L'appello dell'Associazione nazionale anziani e pensionati di Confartigianato: "Risorse potrebbero essere utilizzate per rilancio economia e per sostegno ad anziani"

"I politici abruzzesi rinuncino allo stipendio e si crei un fondo salva-imprese": è l'appello lanciato dall'Anap (l'Associazione nazionale anziani e pensionati) di Confartigianato che invita parlamentari e consiglieri regionali a sacrificarsi, in questi mesi durissimi, come stanno facendo tante altre categorie.

"Gli anziani e i pensionati - afferma il presidente provinciale Anap, Giorgio Gilardini - sono spesso vittime innocenti della pandemia. Non solo da un punto di vista sanitario, essendo loro i soggetti più vulnerabili, ma anche per quanto riguarda le restrizioni, si pensi alle polemiche degli ultimi giorni, e l'accesso alle cure. In questo contesto, sacrifici vengono chiesti a tutti, direttamente o indirettamente. Pensiamo ai a bar, ai ristoranti e a tutte quelle attività che devono chiudere in anticipo e pensiamo agli indotti e ai comparti in qualche modo coinvolti. Alla fine, chiunque, a causa dell'emergenza sanitario in atto e della conseguente crisi economica, dovrà rinunciare a qualcosa.
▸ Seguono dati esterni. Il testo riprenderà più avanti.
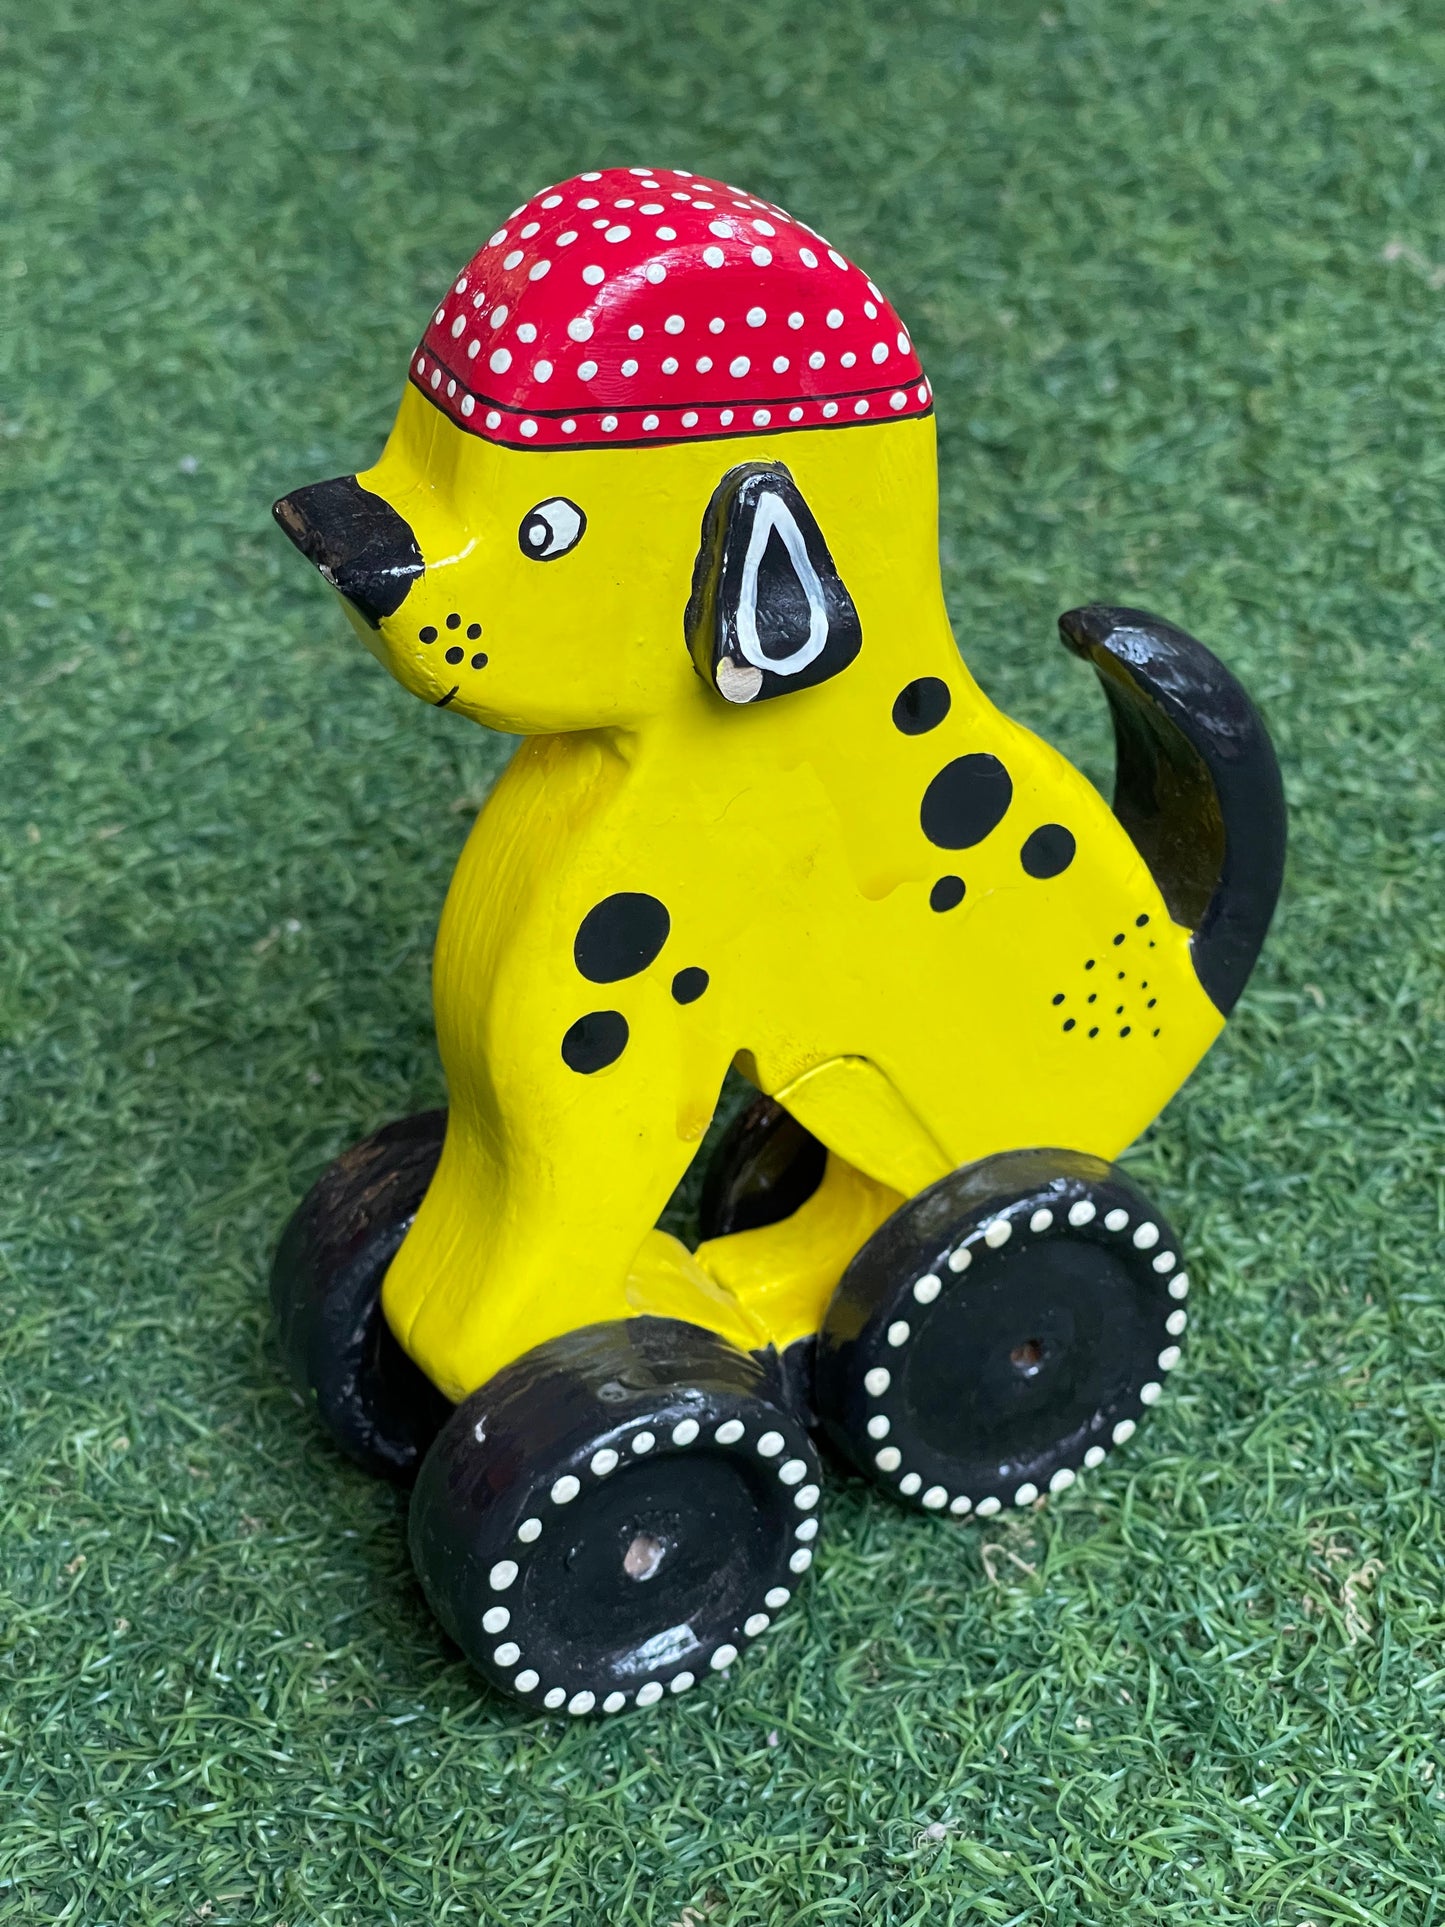 Dog on wheels - Wooden hand painted decorative toy

Nessuno può e deve sentirsi escluso da questa situazione".

Da qui la richiesta alla classe politica di dare un segnale forte al territorio, rinunciando allo stipendio o a una parte di esso. E un'idea: "Le risorse recuperate potrebbero essere utilizzate da un lato per garantire il sostegno agli anziani in difficoltà e, dall'altro, per costituire un fondo destinato alle micro e piccole imprese, cuore pulsante dell'economia abruzzese".